Themed Flight Scenarios

  • Would you rather be on a flight where everyone is dressed as a pirate, or a flight where everyone is wearing animal onesies?
  • Would you rather have the plane be decorated like a medieval castle, or like a futuristic spaceship?
  • Would you rather have the flight attendants be dressed as characters from your favorite cartoon, or as historical figures?
  • Would you rather have the in-flight menu themed around your favorite movie genre (e.g., sci-fi snacks, fantasy feasts), or have the entire plane be a giant board game you have to play?
  • Would you rather be on a "silent disco" flight where everyone wears headphones and dances to different music, or a "storytelling flight" where passengers share their best tales?
  • Would you rather have the destination announced as "The Land of Perpetual Sunshine" but you're actually going to a desert, or "The City of Eternal Snow" but you end up in a tropical rainforest?
  • Would you rather have to participate in a trivia contest about the history of aviation throughout the flight, or a scavenger hunt for hidden airplane-themed trinkets?
  • Would you rather have the plane's lighting change color based on the mood of the passengers, or have the pilot announce the flight's progress using only song lyrics?
  • Would you rather be on a flight where all the safety instructions are sung as a musical, or where the entire journey is narrated by a famous poet?
  • Would you rather have your seat assigned by a random draw from a hat, or have to "earn" your seat by completing a small challenge?

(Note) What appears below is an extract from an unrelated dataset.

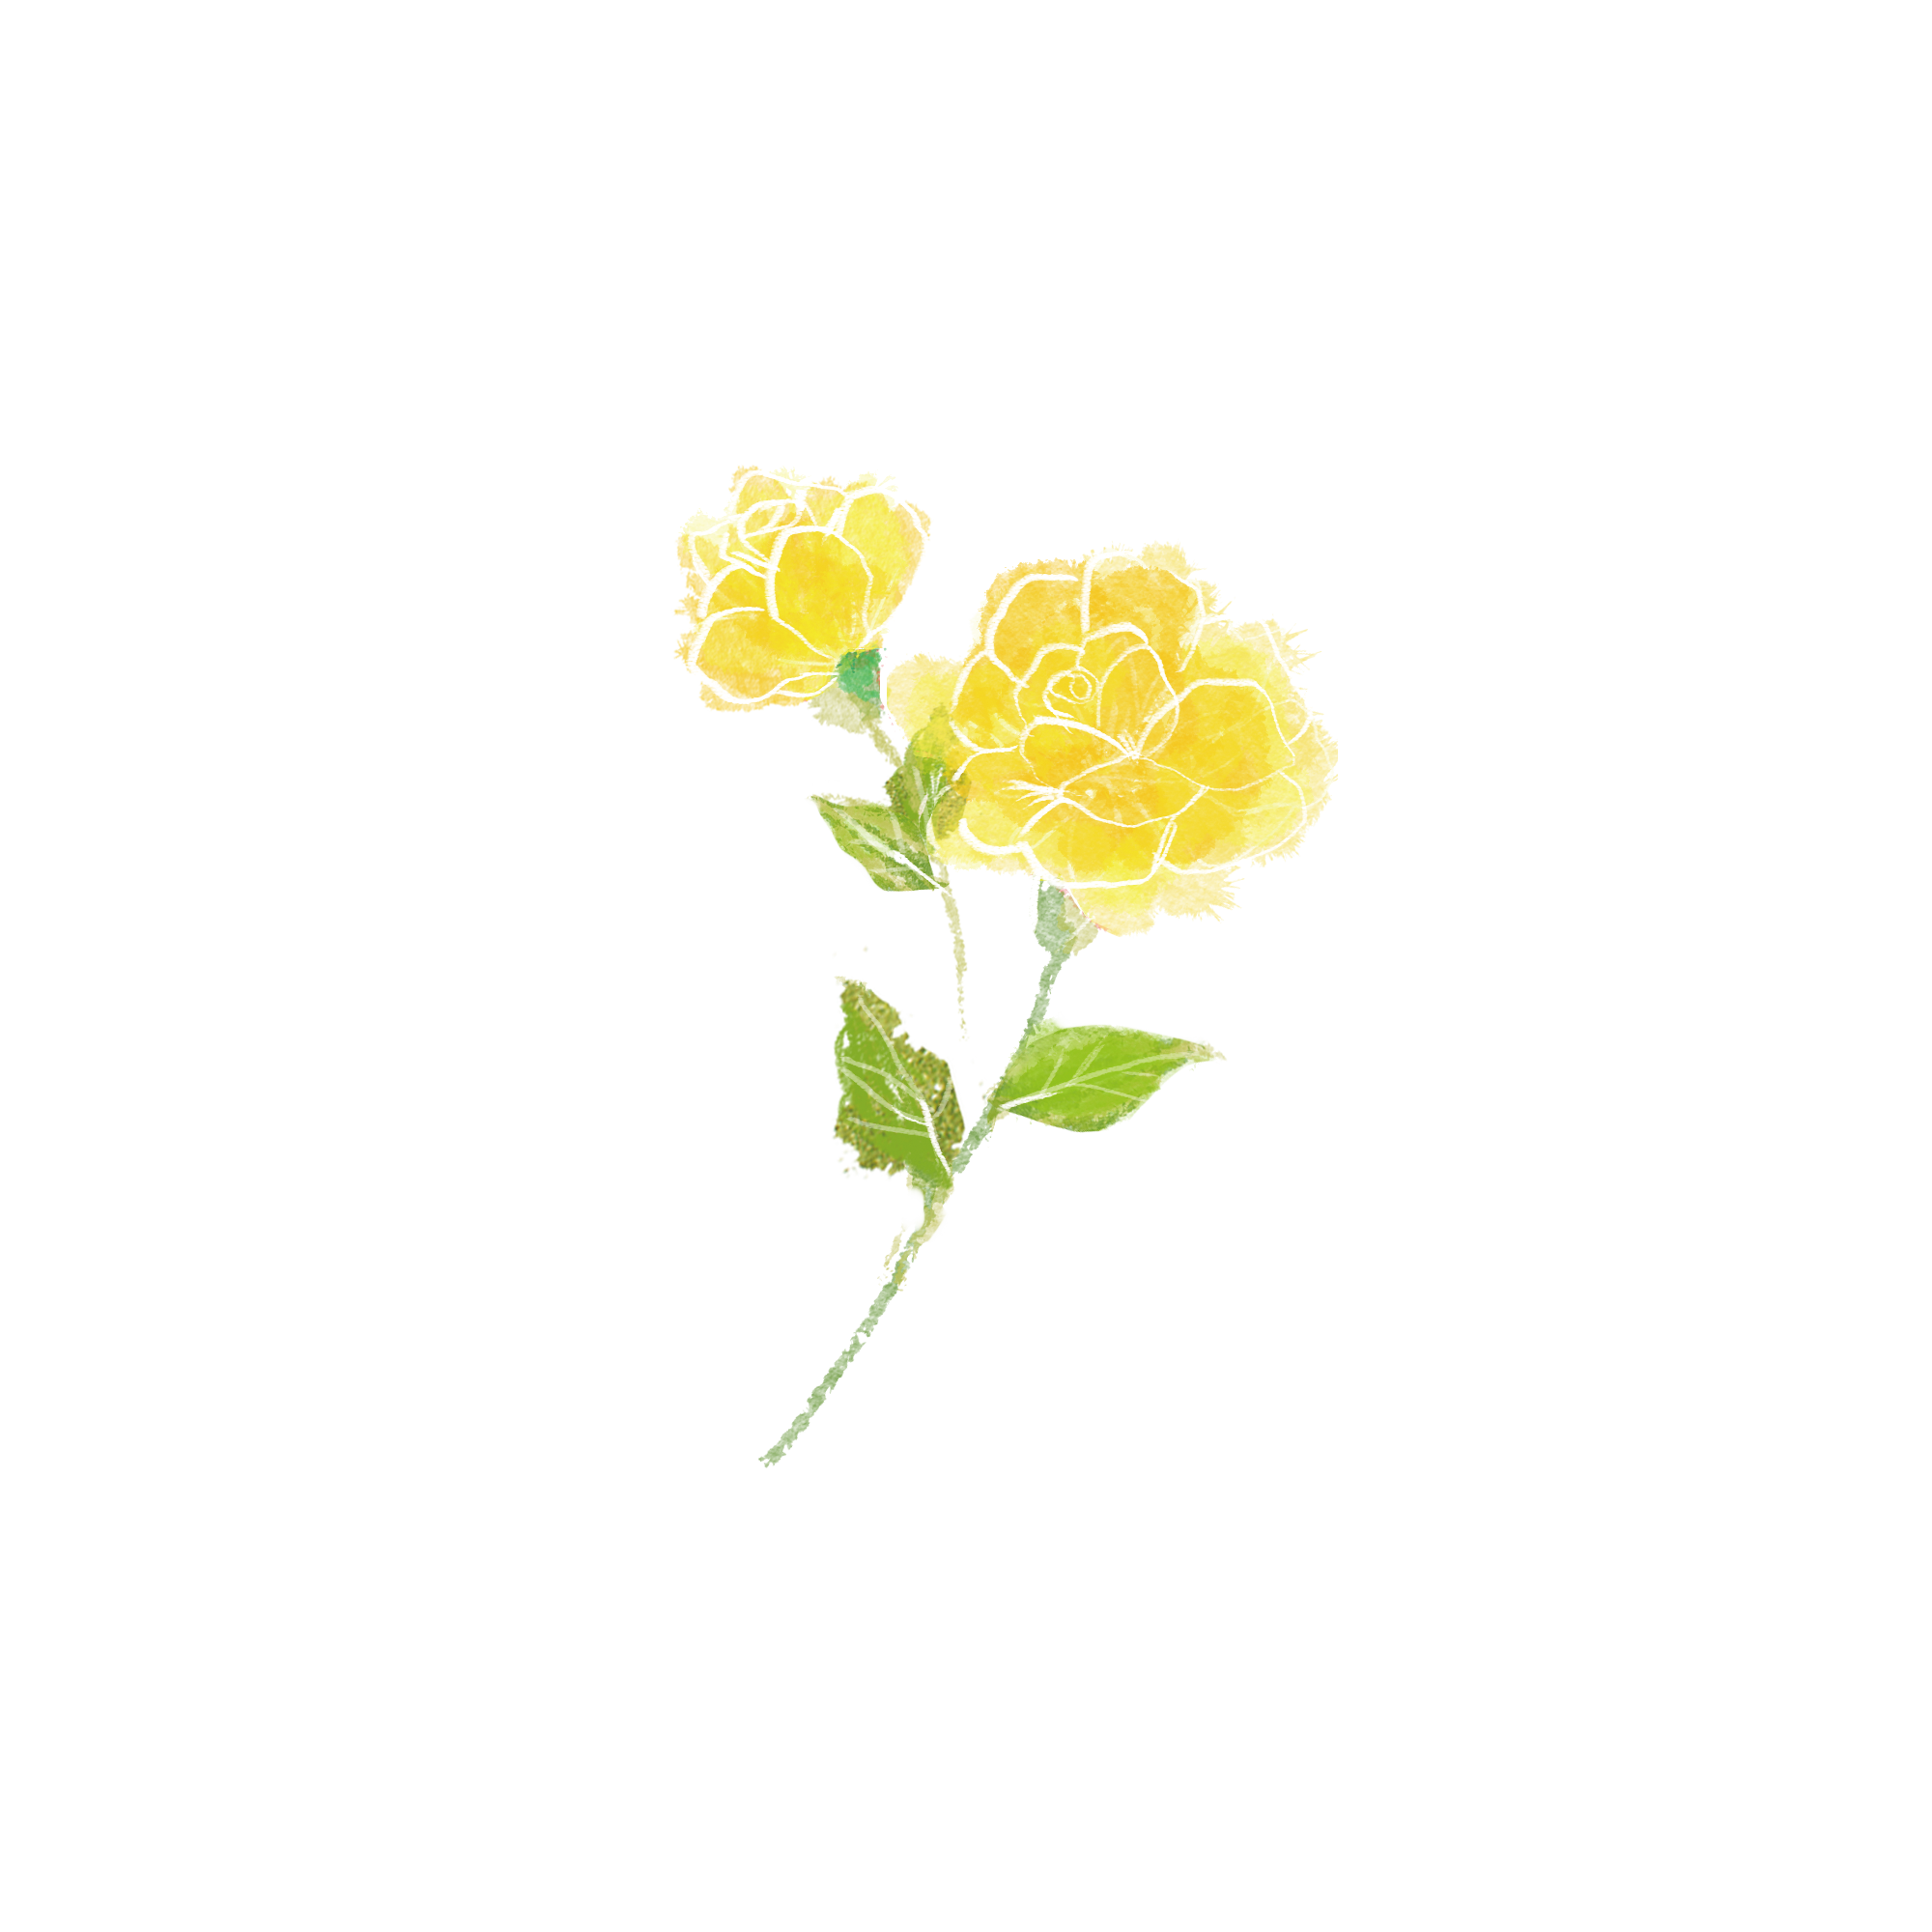 手描きした黄色いバラのイラスト イラスト素材館

  • Would you rather have the flight be sponsored by a candy company and all snacks are sweets, or sponsored by a book publisher and everyone gets a free novel?

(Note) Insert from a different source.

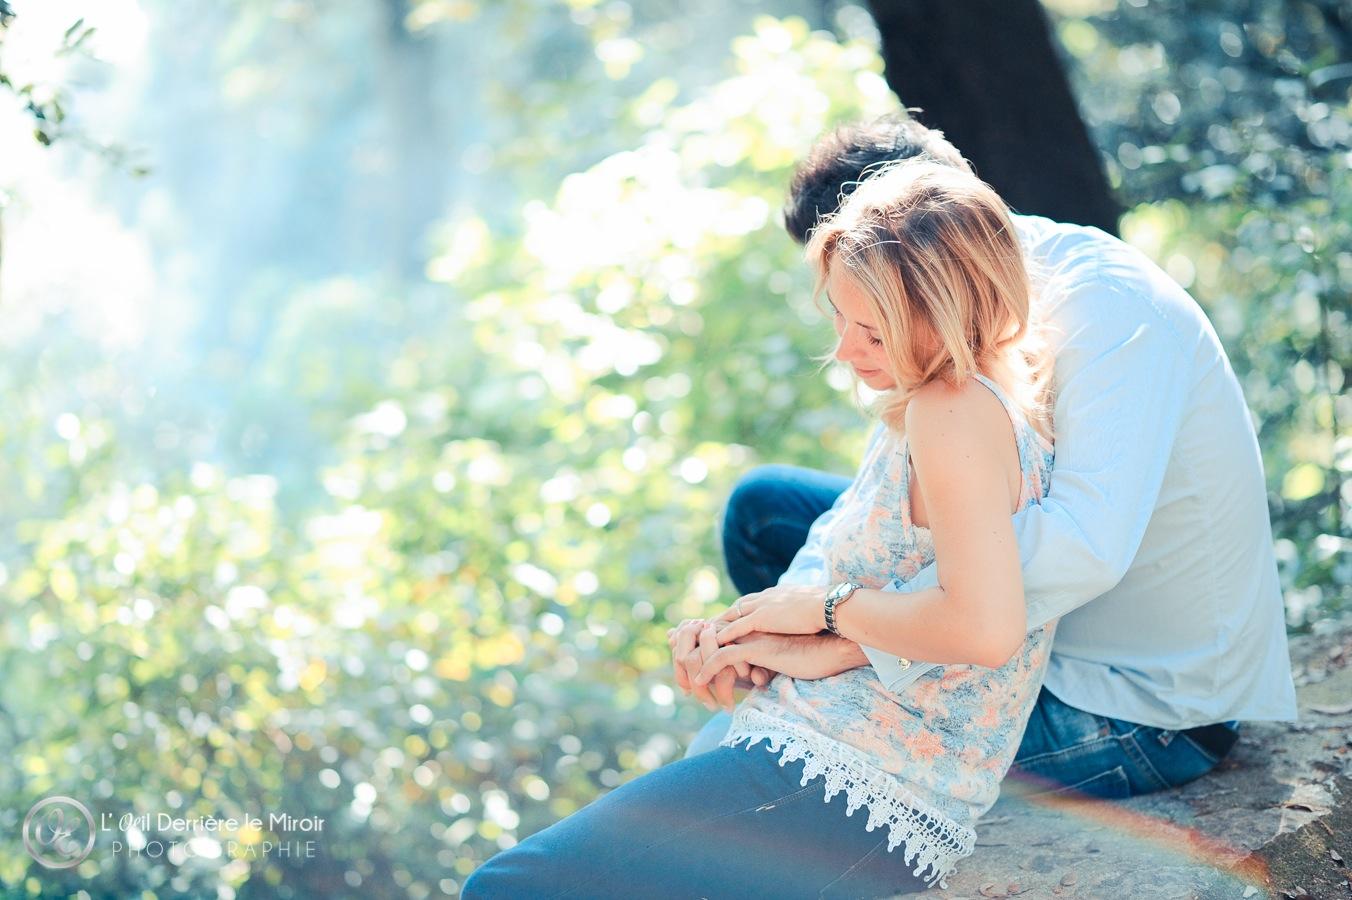 Photographe Couple Grasse L'OEil Derrière le Miroir

  • Would you rather have the plane's windows be replaced with screens showing fantastical landscapes, or have the seats transform into comfortable hammocks?
  • Would you rather have the flight attendants communicate using only interpretive dance, or have the pilot give all announcements in code?
  • Would you rather be on a flight where the destination is a surprise, and you only find out when you land, or a flight where you have to choose your destination from a menu of absurd options?
  • Would you rather have the in-flight music be entirely composed of sounds of nature, or sounds of classic video games?
  • Would you rather have the entire flight experience be a giant escape room, or a comedy improv show?
  • Would you rather have the seatbelts be replaced with colorful scarves, or the overhead bins be made of giant pillowcases?
  • Would you rather have the destination announced as "The Place Where Socks Disappear" or "The Realm of Lost Keys"?
  • Would you rather have the flight crew be a group of friendly robots, or a troupe of circus performers?
  • Would you rather have the entire flight be a giant game of "I Spy" using only what's inside the plane, or a competition to see who can tell the best airplane-related joke?

So, the next time you find yourself with some downtime, especially on a flight, whip out some "Would You Rather Airplane Questions"! They're a fantastic way to connect, laugh, and maybe even discover something new about yourself or your travel companions. Happy flying, and happy questioning!